Бесплатная библиотека
Читайте книгу на сайте или телефоне
Le retour de Münchhausen - Читать Любимую Русскую Полную Книгу 👉 Read-E-Book.com

Le retour de Münchhausen

Электронная книга - «Le retour de Münchhausen». Краткое содержание книги:

Downloaded from z-lib.org
1 ... 22 23 24 25 26 27 28 29 30 ... 38
Перейти на страницу:

— Où tout cela va-t-il ? s’enquiert le baron d’une voix rauque.

Rayonnant, se frottant les mains de bonheur, l’évêque répond :

— Rejoindre les reliques de Westminster. En vérité, il est des rois qui n’ont…

C’est alors que survient l’imprévu, l’inconvenant, le non intégré dans le cérémonial. Virant soudain au pourpre, Münchhausen ôte sa pantoufle droite et la balance au milieu de la foule en liesse. Décrivant une parabole, la pantoufle vient s’écraser entre les bannières et les brocarts étincelants, creusant au sein du cortège, tel un obus heurtant le sol, un large cratère de gens qui reculent.

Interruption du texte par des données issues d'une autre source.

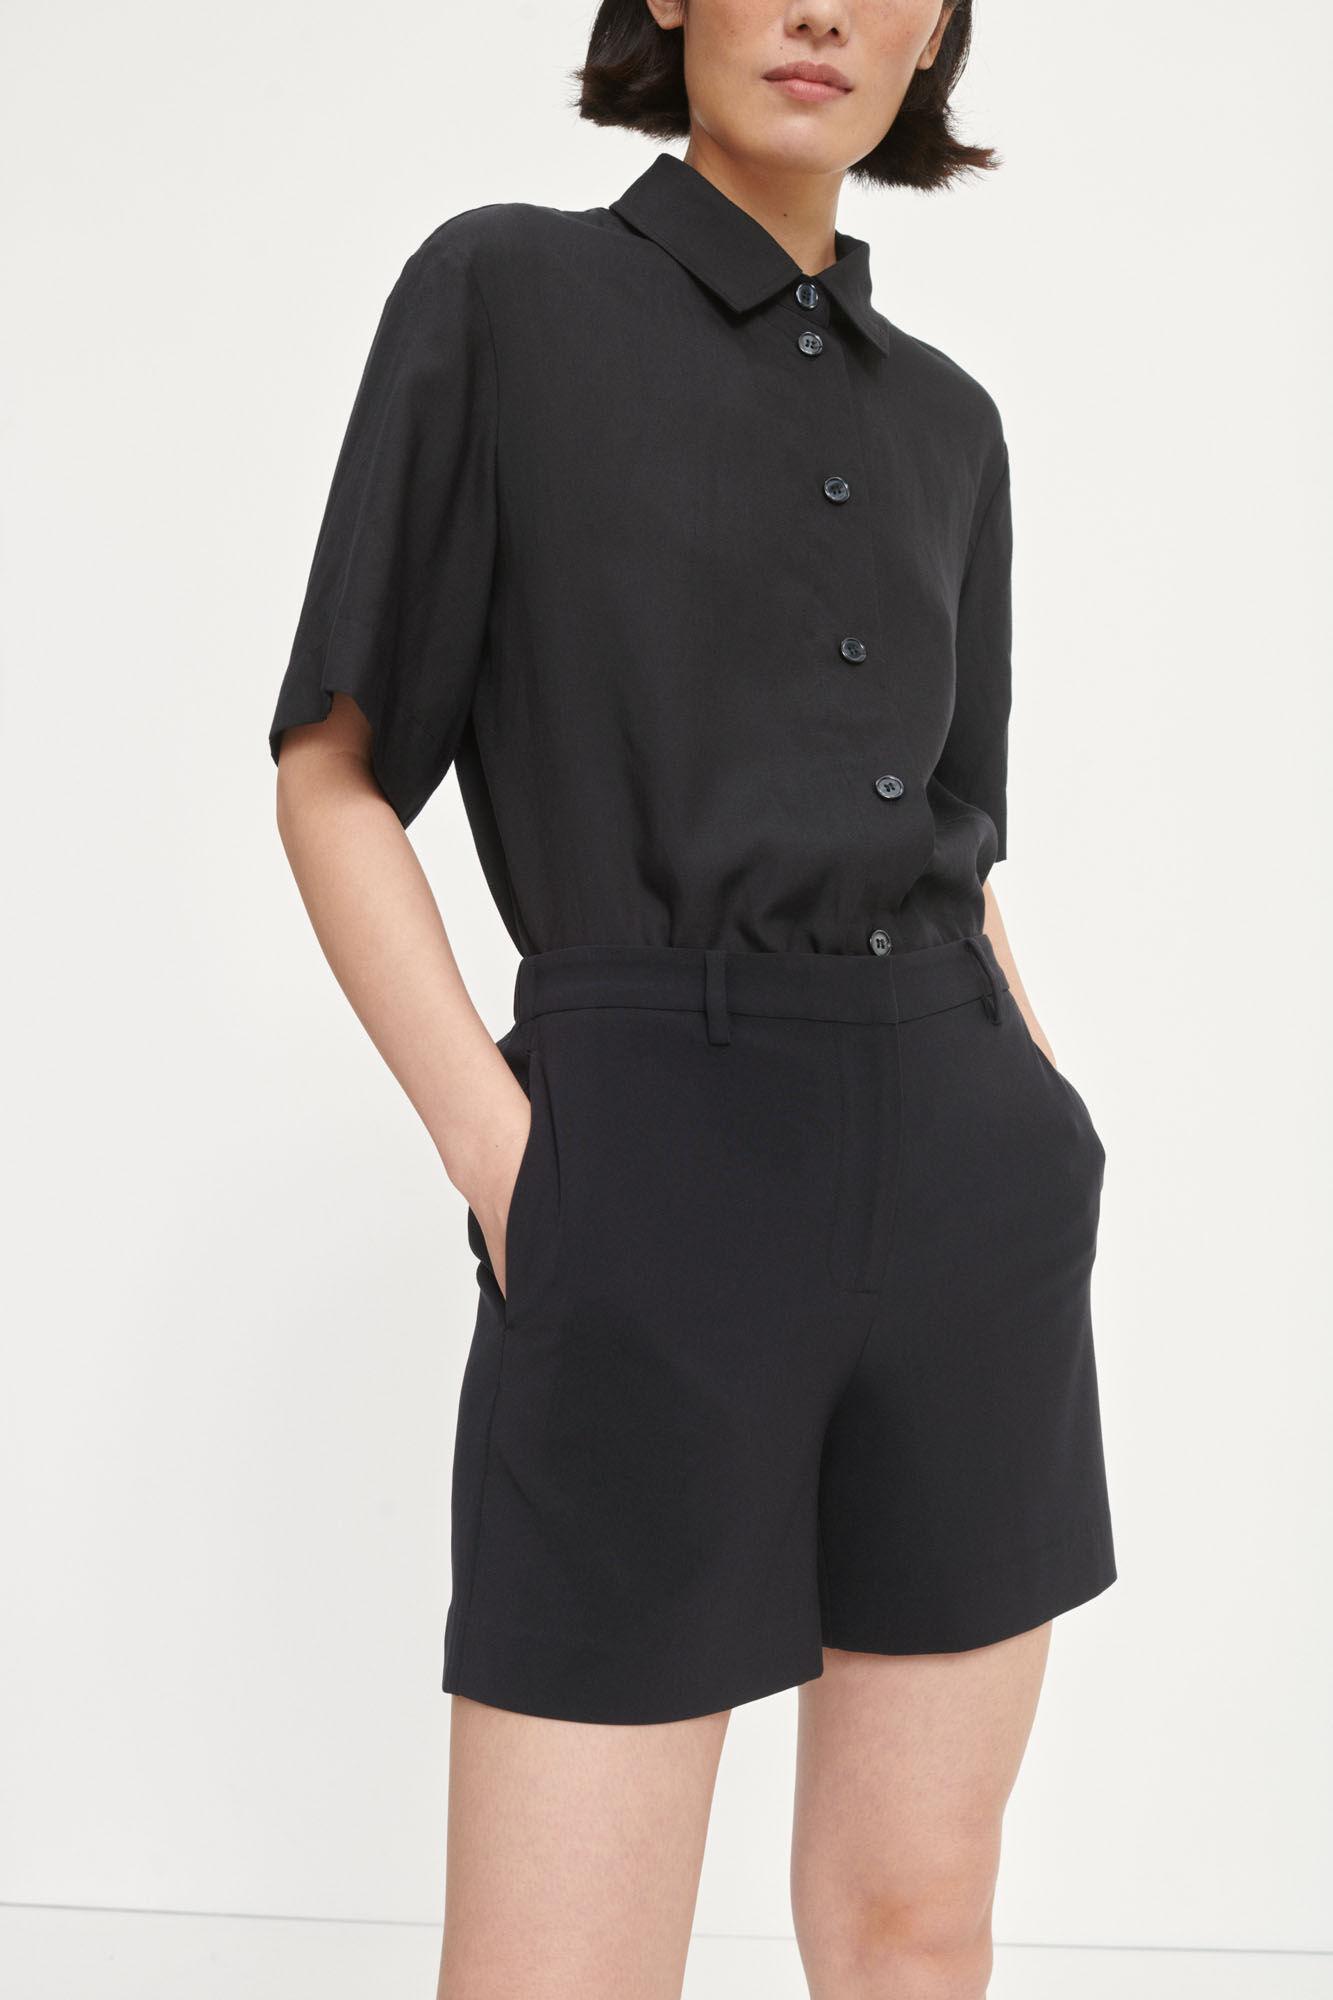 Hoys Shorts Pants Black-1
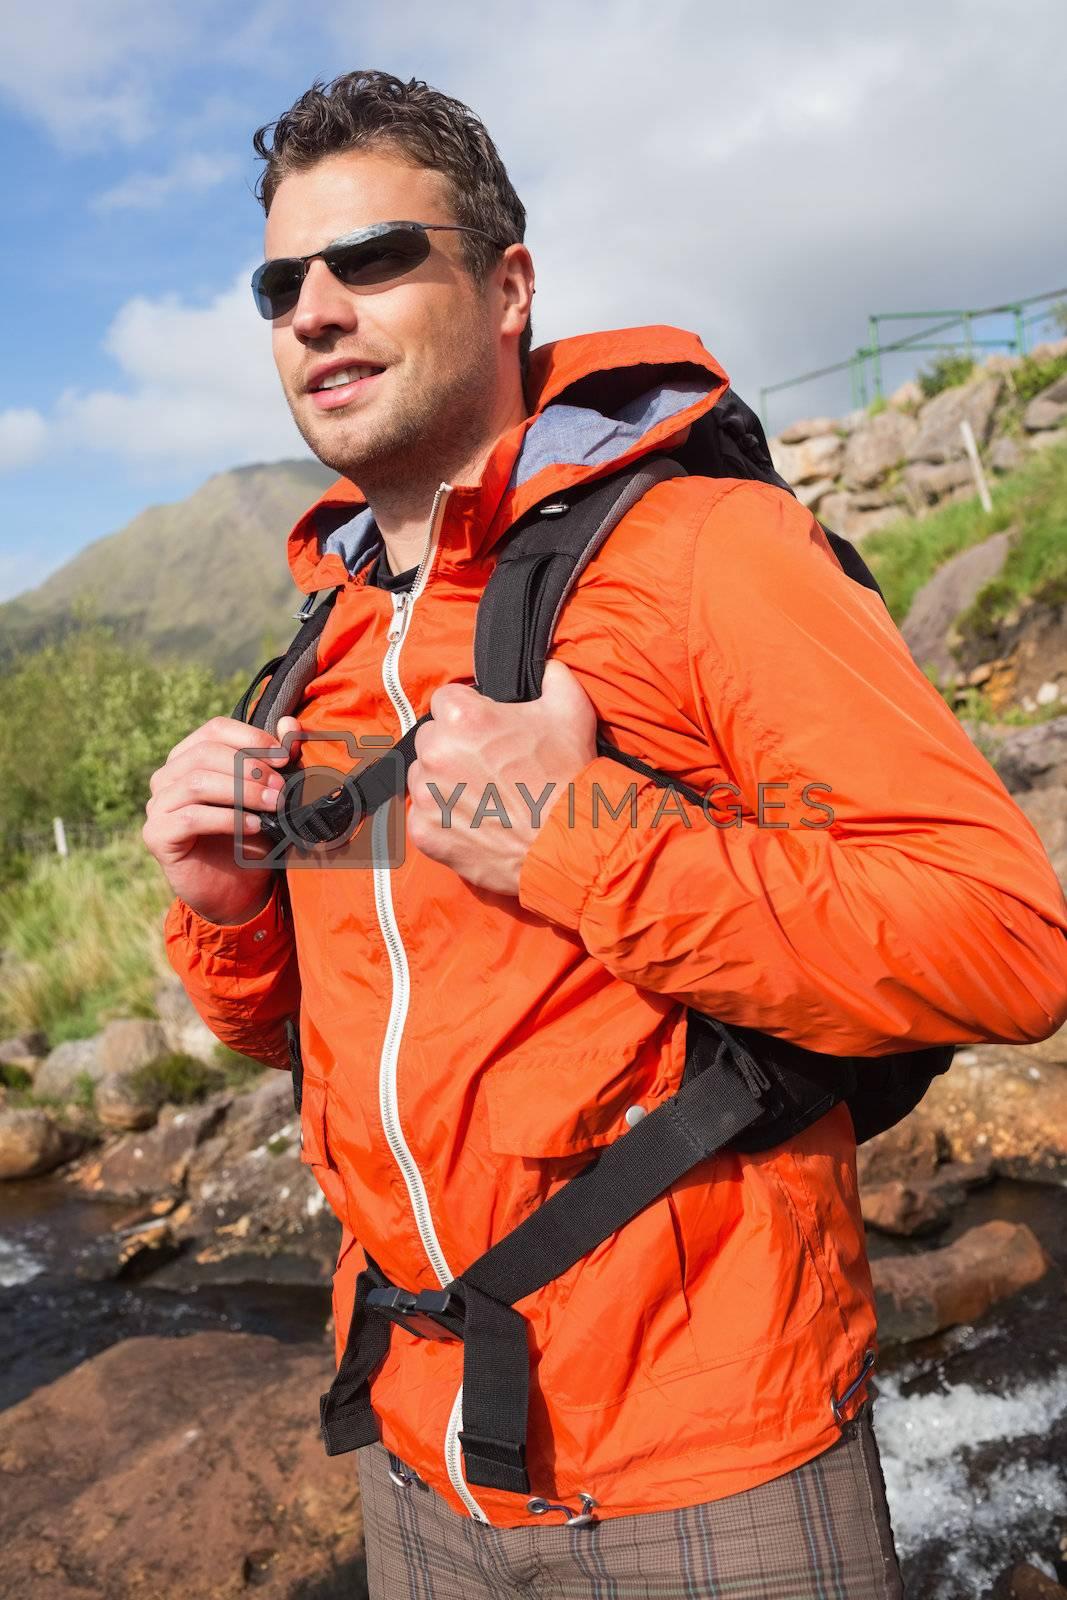 Man wearing rain jacket and sunglasses smiling by Wavebreakmedia

— Peut-être vous faut-il aussi mon vase de nuit ! braille le baron, penché par-dessus l’appui de la fenêtre, à la foule soudain moins expansive.

Des milliers de visages effrayés se lèvent vers la fenêtre largement ouverte qu’ils ont tout juste le temps de voir se refermer avec fracas. Ne sachant plus où se mettre, l’évêque prend furtivement la porte. Les organisateurs se démènent pour tout faire rentrer dans l’ordre, mais comme la queue du cortège, qui n’a pas encore passé le tournant, vient donner dans la tête, la procession, par inertie, continue d’avancer ; toutefois, privé de direction, le chœur chante faux, les bannières s’agitent chaotiquement de côté et d’autre, et toute la cérémonie pâlit et se ternit.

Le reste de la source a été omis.